Поэтому она и согласилась пойти на очередной фальшивый праздник имени то ли автомобиля, то ли ювелира, увенчать который должна была ненастоящая коррида с гуттаперчевыми быками и тореадорами-трансвеститами. Поэтому она и не ушла оттуда, немедленно почувствовав отчетливую гадливость, что не могла ее обидеть, эту златовласку, не хотела ее расстроить и – может быть, уже тогда, кто знает? – хотела любой ценой побыть рядом с ней как можно дольше.
Что же с тобой происходит, Норочка, несешь невесть что?

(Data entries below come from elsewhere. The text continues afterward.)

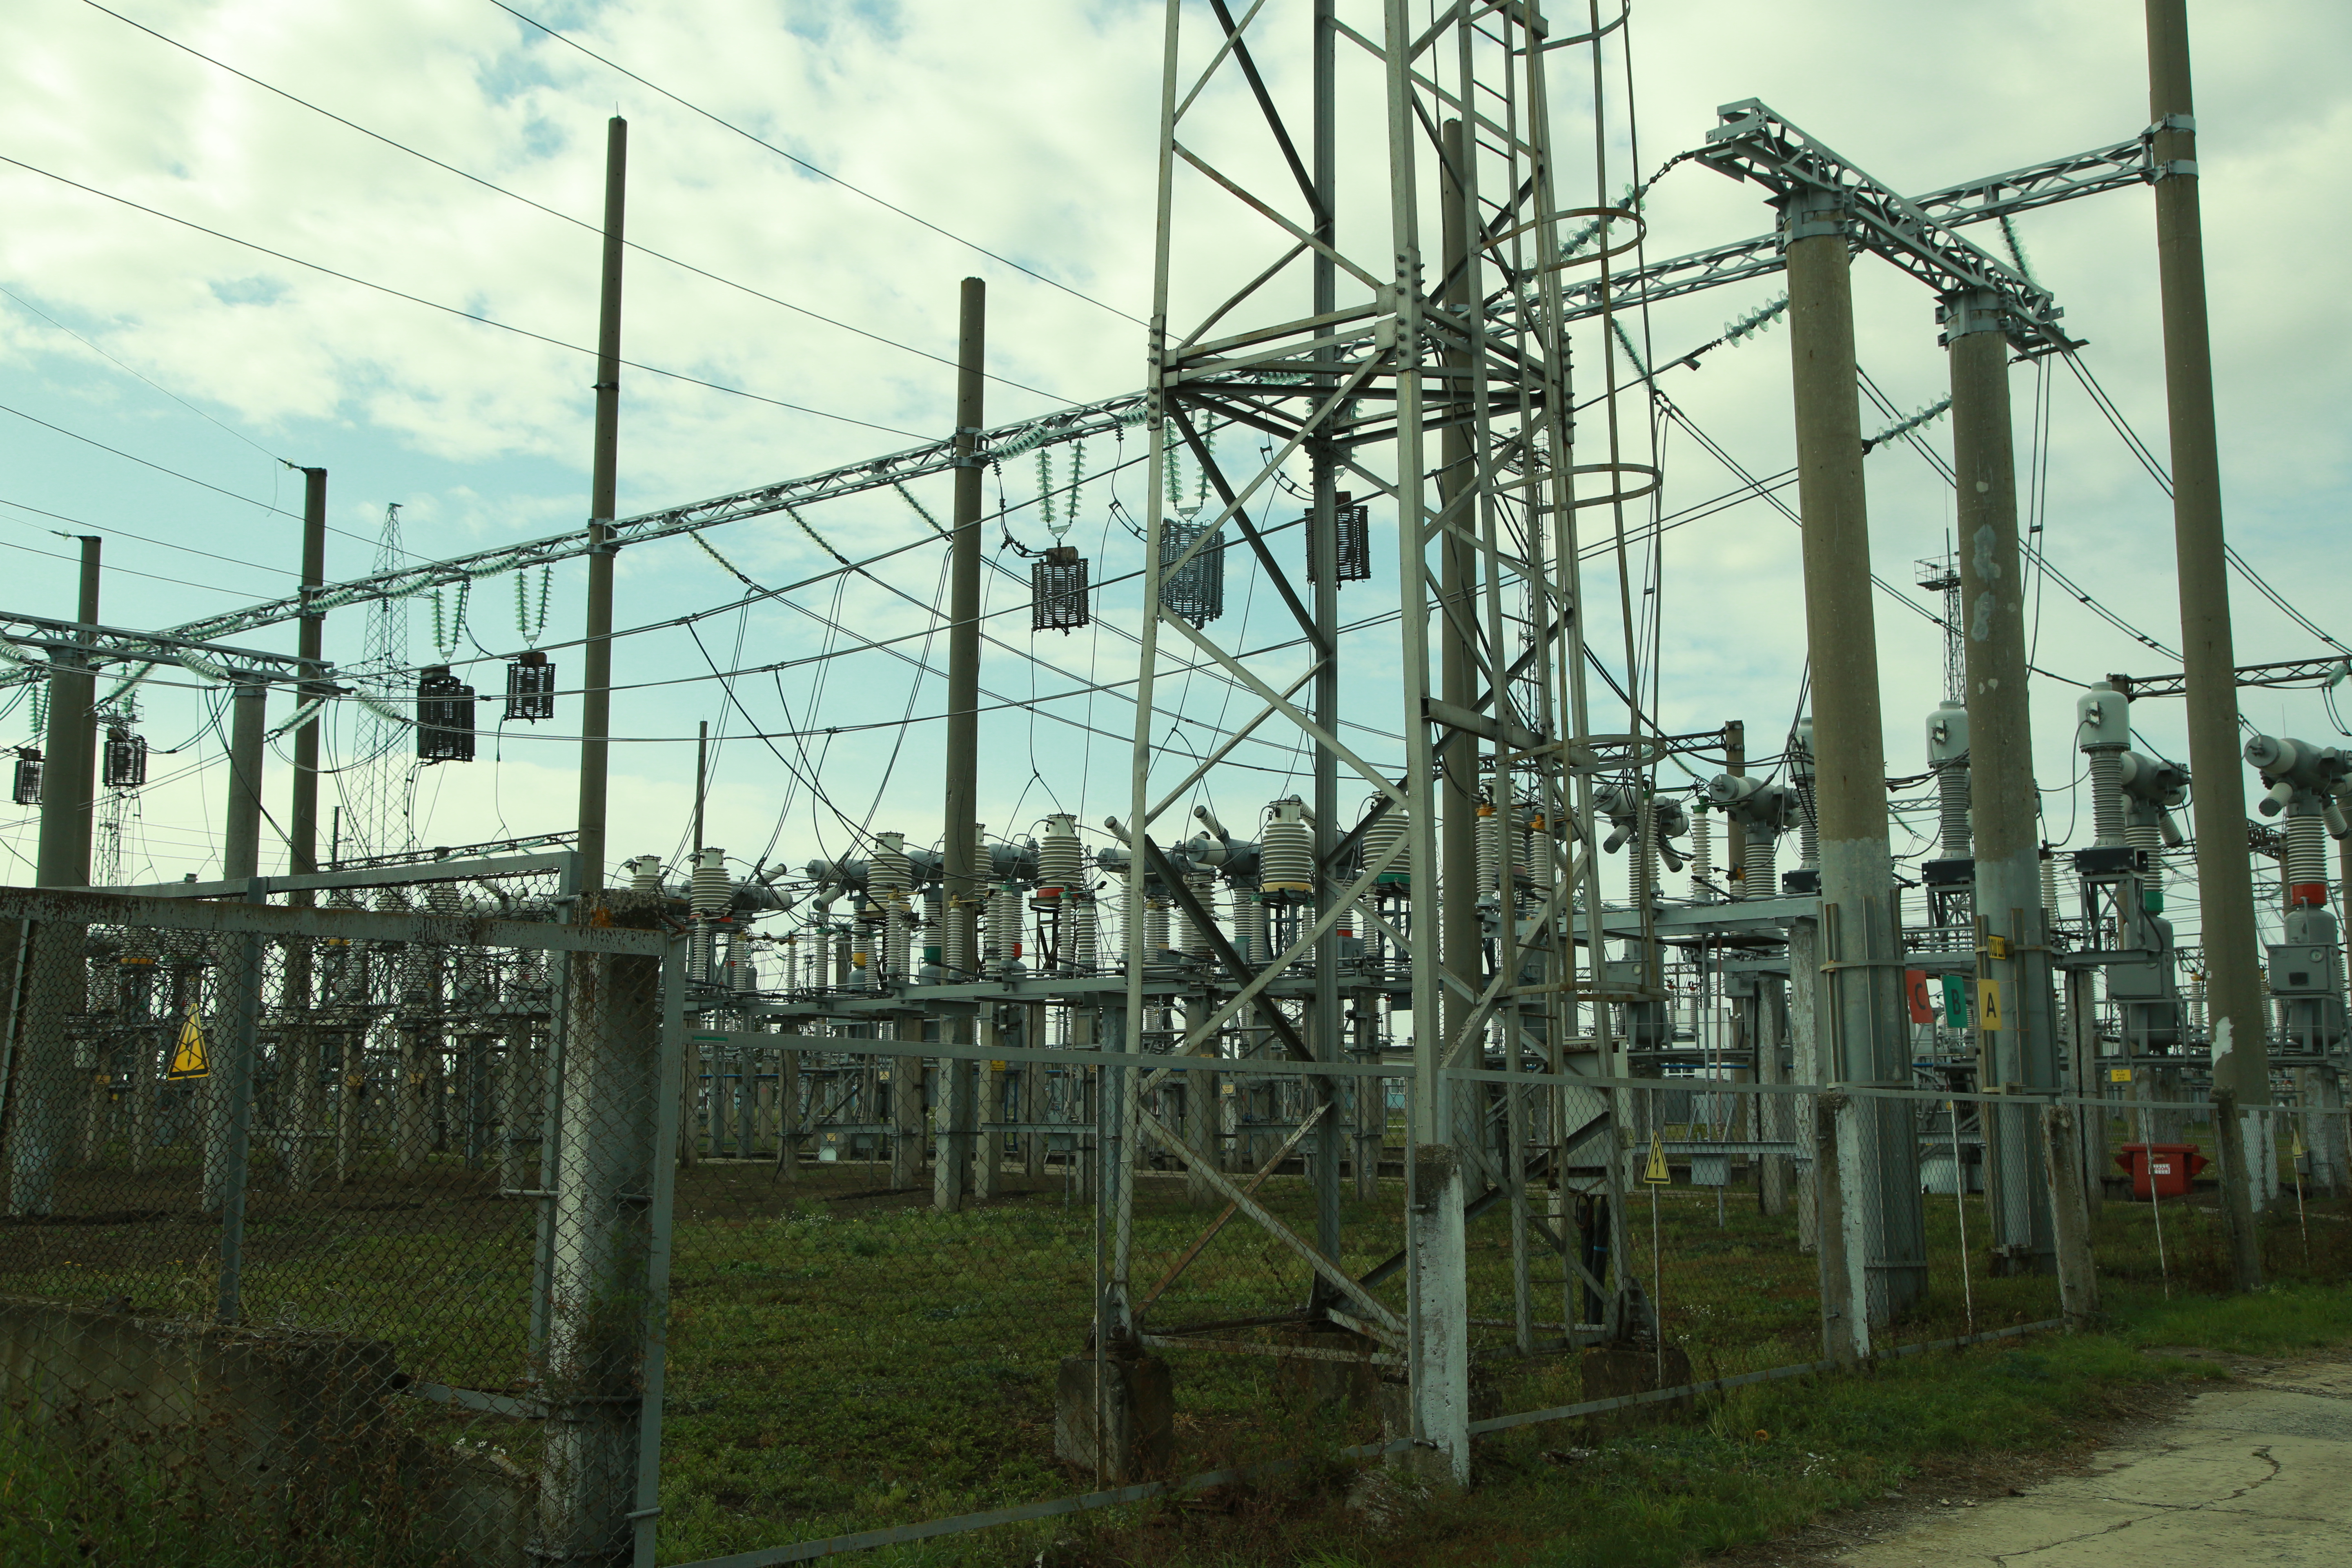 
		
		Известен график отключений электричества в Пензенской области с 6 по 26 декабря
		
	
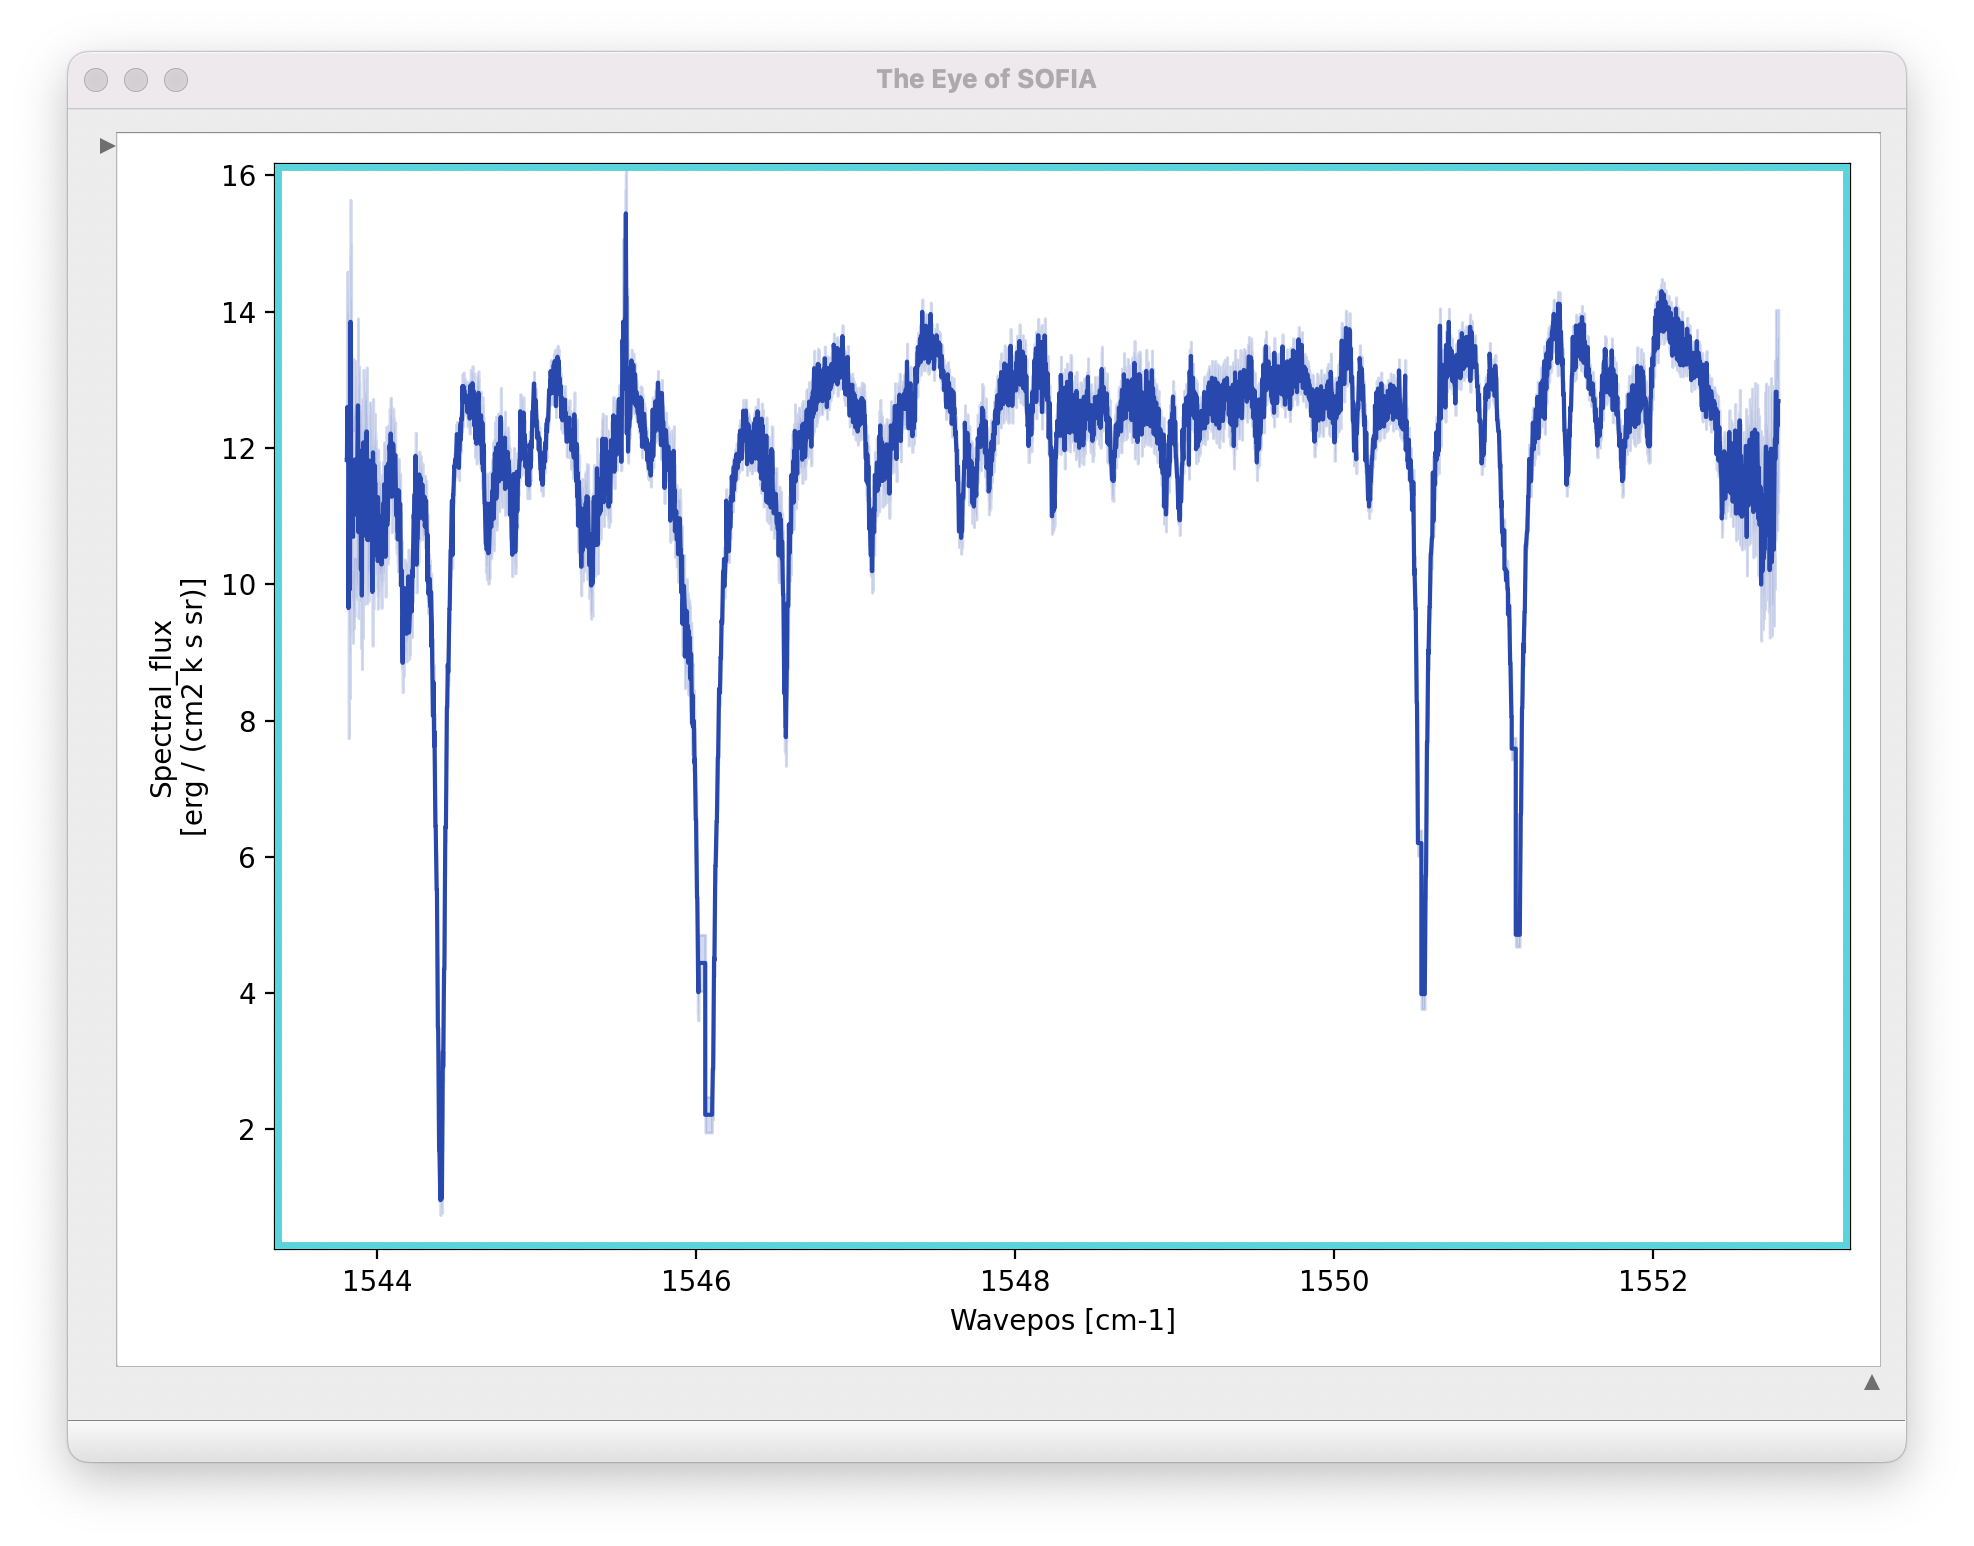 A GUI window showing a spectral plot, in Wavepos (cm-1) vs. Spectral_flux (erg/cm2 k s sr).

Голос его прозвучал пусто и сухо, сделался чужим и безучастным. Это не ранило ее, но как-то обострило болезненность от вот уже четыре часа не перезванивающей Риточки.
– Я на допросе или на исповеди? – ее правая тонкая и острая, как сабля, бровка внезапно взмыла к середине лба. – Что ты потрошишь меня, как дохлую курицу?!
Он уткнулся глазами в ее пальцы, тонкие, с характерным расширением среднего сустава, почему-то представил себе кастрюлю с вареной курицей, знаменитым еврейским зельем, и внутренне содрогнулся от брезгливости ко всему еврейскому. Это было чужое. Это было враждебное ему чужое.
Хитрость, расчетливость, коварство, корысть.
Западня для каждого, кто попытается распутать сеть. Паутинка, беззащитная, ажурная, очаровательно хрупкая для каждого, кто лишь полюбуется ее трепетанием на солнце, да и смахнет небрежным чуть неуклюжим движением к чертям собачьим.
Норочка не уходила с фальшивого праздника, потому что не хотела расстроить Риту. Рите было восторженно-прекрасно среди организованного ею самою действа.
Сколько тебе платят за всю эту фантасмагорию? – чуть раздраженно спросила ее Нора на обратном пути.
Почему фантасмагорию? – искренне изумилась Рита, обдав Нору такой неподдельной радостью и таким сиянием молодости, что Норе стало даже неловко за свой вопрос. – Это просто праздник, Норочка, знаешь, праздник – этот особое состояние души.
И добавила:
Мне платят три тысячи в месяц.
В этой фразе Нору шокировало все – и Норочка, и состояние души, и три тысячи в месяц.